That was my feeling I get a much better burn when I use them, but I have to admit my production has come to a standstill...


----------



## kenwood (Feb 7, 2006)

Phoenix87 said:
			
		

> That was my feeling I get a much better burn when I use them, but I have to admit my production has come to a standstill...



change things up like everyother workout change to db's or barbells


----------



## dontsurfonmytur (Feb 7, 2006)

Ok, from a lot of people on this forum, i hear only do 2 to 3 exercises for the chest, and it will be more than enough
but this is what I do:
flat bench 3-4 sets
incline bench 3-4 sets
flat DB bench 3 sets
incline DB bench 3 sets
dumbbell pullovers 3 sets
cable cross overs 4 sets

i seem to have enough energy to do all these exercises with intensity and my pecs are sore, and when they stop beign sore, i just switch little things around
Is this too much?


----------



## kenwood (Feb 7, 2006)

dontsurfonmytur said:
			
		

> Ok, from a lot of people on this forum, i hear only do 2 to 3 exercises for the chest, and it will be more than enough
> but this is what I do:
> flat bench 3-4 sets
> incline bench 3-4 sets
> ...



nigga u crazy? is that for oneworkout? thats 19sets boy..haha take 1/2that out!


----------



## GFR (Feb 7, 2006)

dontsurfonmytur said:
			
		

> Ok, from a lot of people on this forum, i hear only do 2 to 3 exercises for the chest, and it will be more than enough
> but this is what I do:
> flat bench 3-4 sets
> incline bench 3-4 sets
> ...


That is one of the worst chest workouts I have seen in months.


----------



## Candor (Feb 7, 2006)

To each his own.  Find what works for you and stick with it.  There is no magic workout.  There are however prevailing theories.  I have tried lots of different workouts.  For mass I get the most benefit out of 
warm-up
Incline 5x5
Flat db 4@5-6
hammer strength press 4@6-8
flyes or crossovers 4@8-10

Total of 17 sets.  Your program is 19-21 sets.  If it is doing what you need then keep with it.  If it isn't then change it.  

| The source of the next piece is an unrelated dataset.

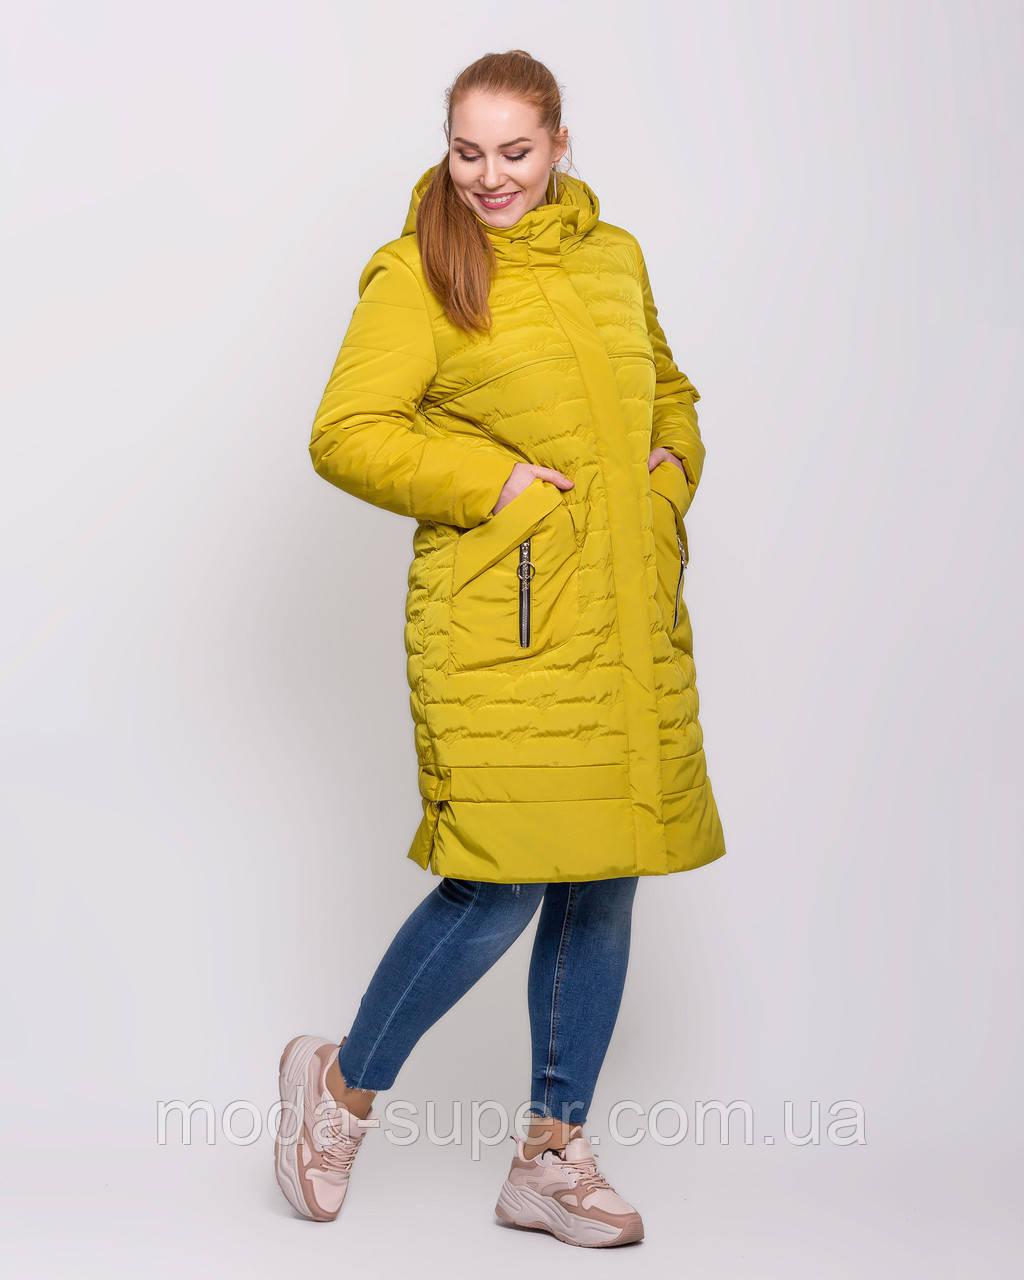 Женская куртка с сьемным капюшоном  рр 50-62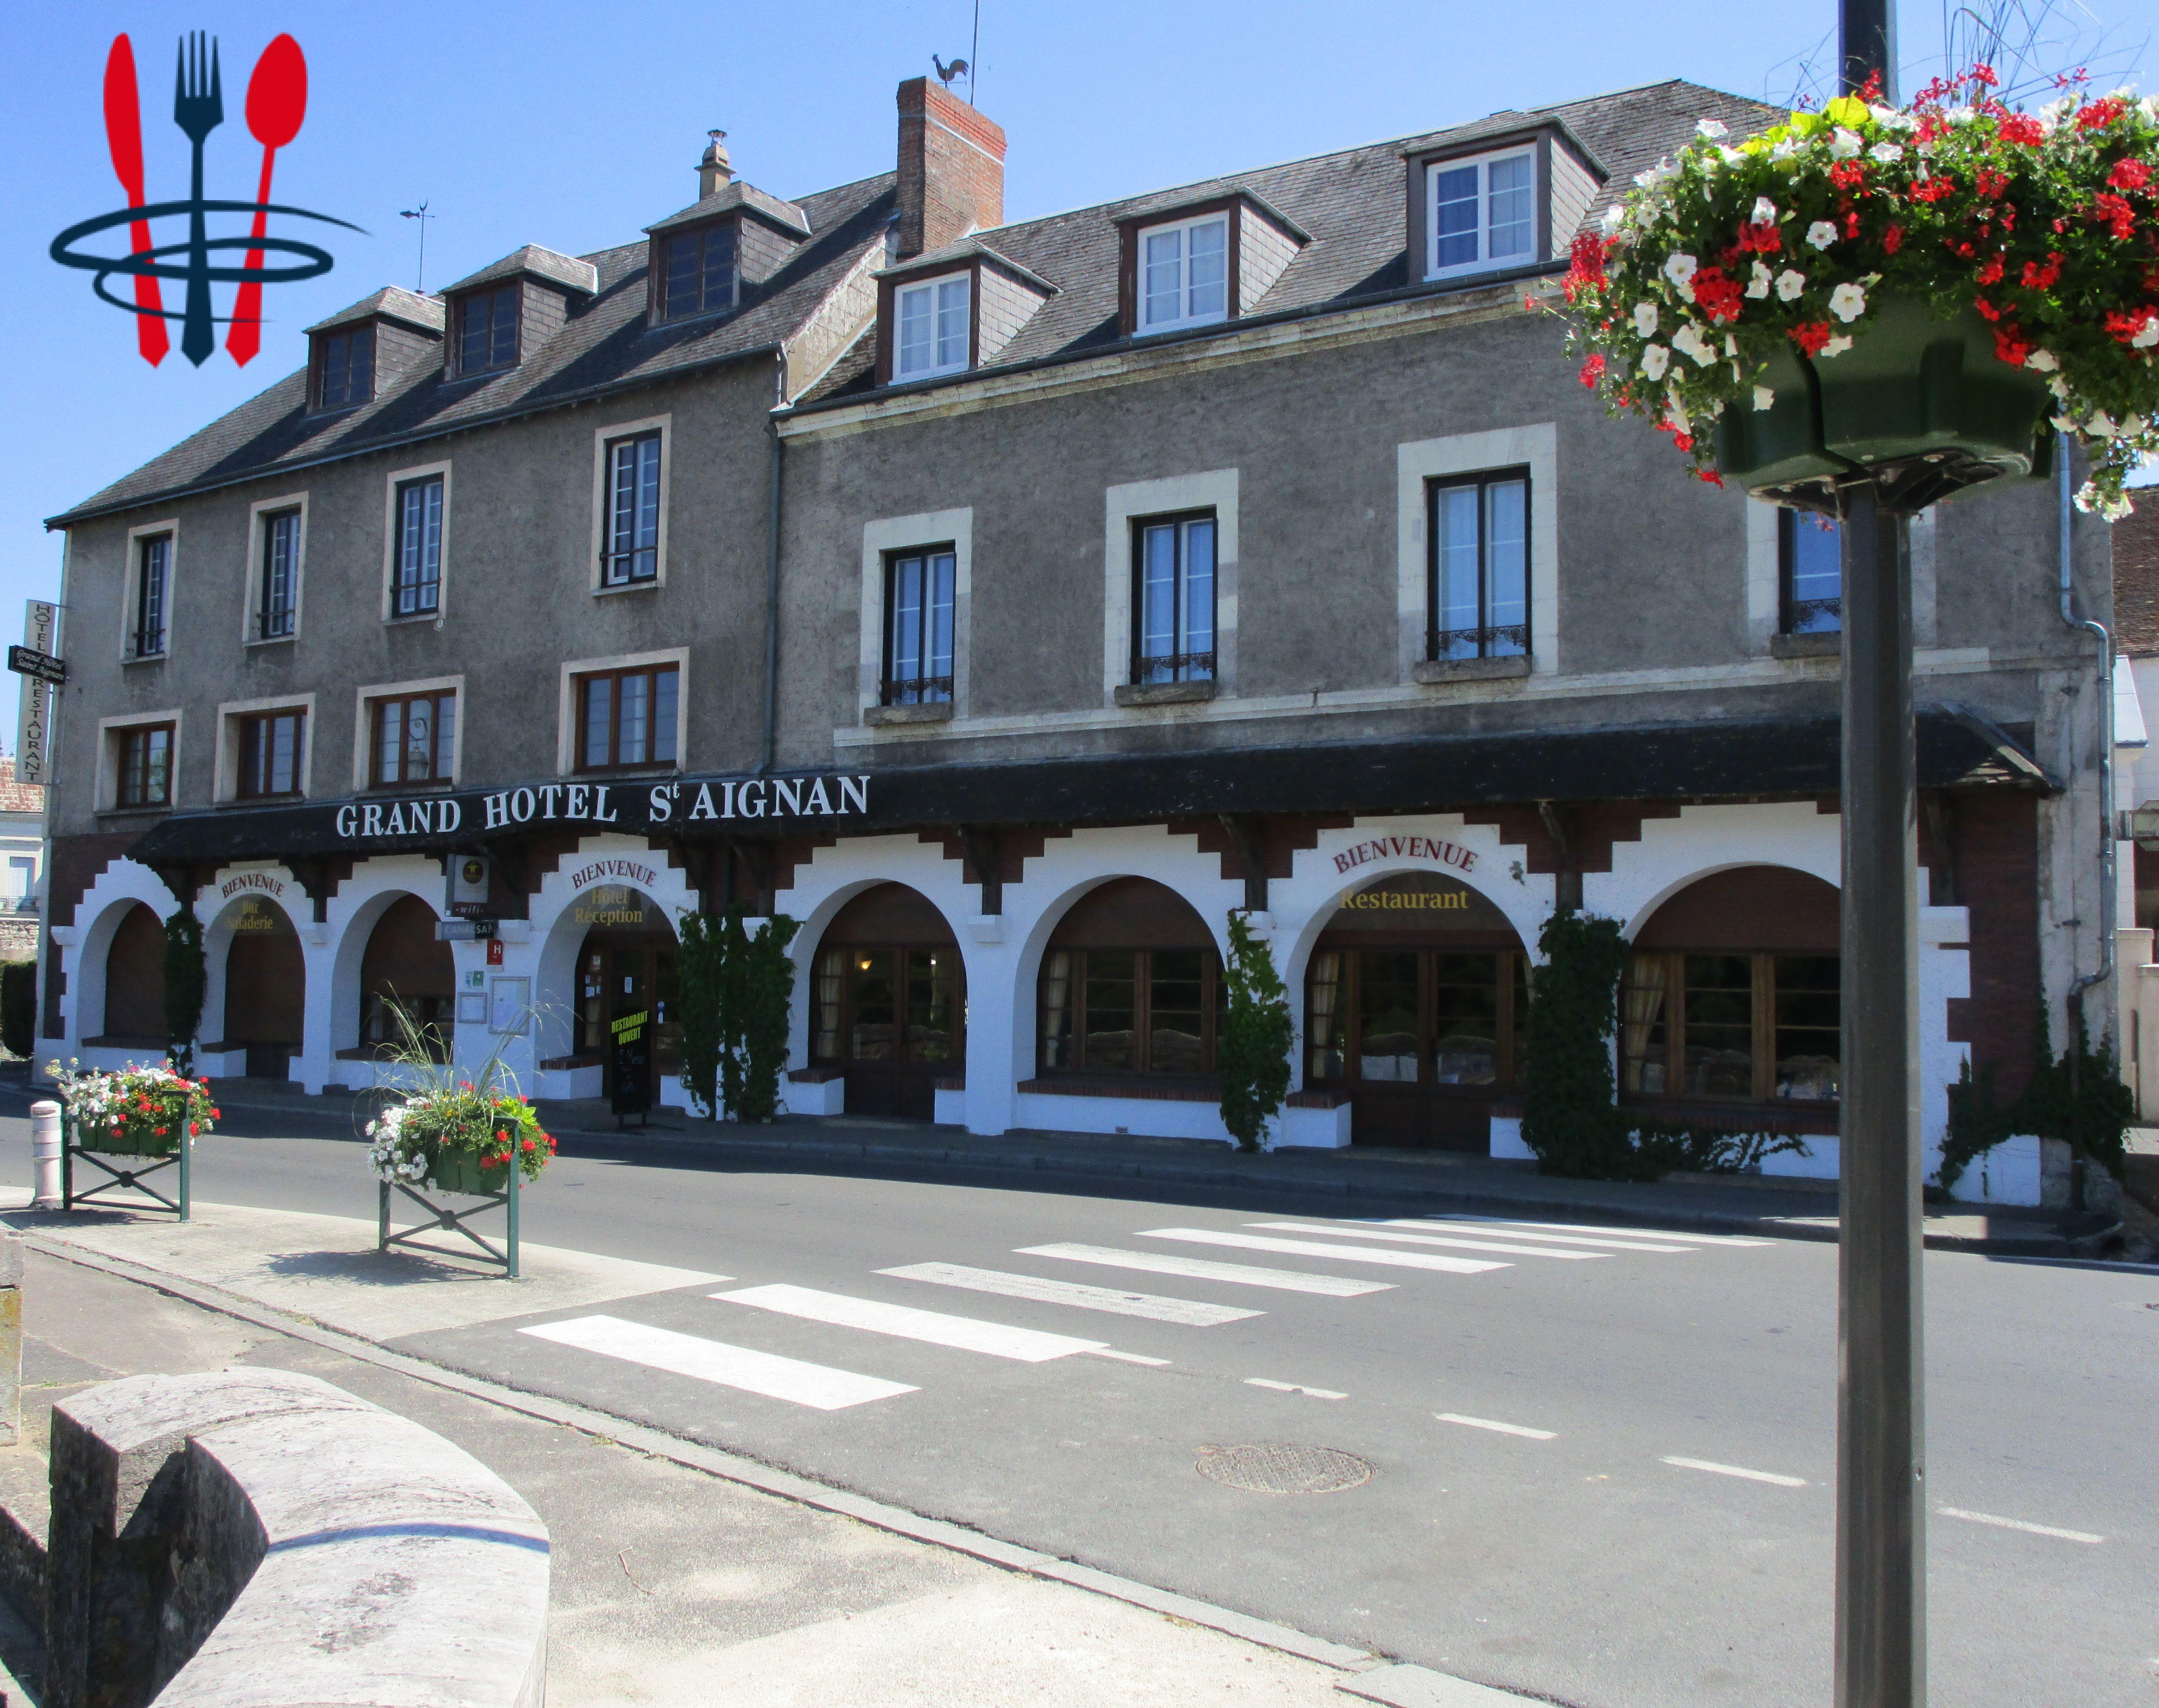 Vente Hôtel 2** 18 N°/Restaurant 50 places

I am probably going to drop the flat dbs and switch to a decline db.  

I have no Jedi powers...so take this for what it is worth.  One day I will have 10 posts so my opinion may mean more 

I have not found that soreness is a barometer of mass/growth although I do like the reinforcement that it provides that I worked hard.


----------



## kenwood (Feb 7, 2006)

Candor said:
			
		

> To each his own.  Find what works for you and stick with it.  There is no magic workout.  There are however prevailing theories.  I have tried lots of different workouts.  For mass I get the most benefit out of
> warm-up
> Incline 5x5
> Flat db 4@5-6
> ...


----------



## dontsurfonmytur (Feb 7, 2006)

Oh and by the way , is working out ur chest only one time a week too less?
And I guess I will try to focus on either BB or DB for incline/flat, and see how 
that works out. Any advice u can give me, and ForemanRules , I would appreicate ur advice.


----------



## kenwood (Feb 7, 2006)

dontsurfonmytur said:
			
		

> Oh and by the way , is working out ur chest only one time a week too less?
> And I guess I will try to focus on either BB or DB for incline/flat, and see how
> that works out. Any advice u can give me, and ForemanRules , I would appreicate ur advice.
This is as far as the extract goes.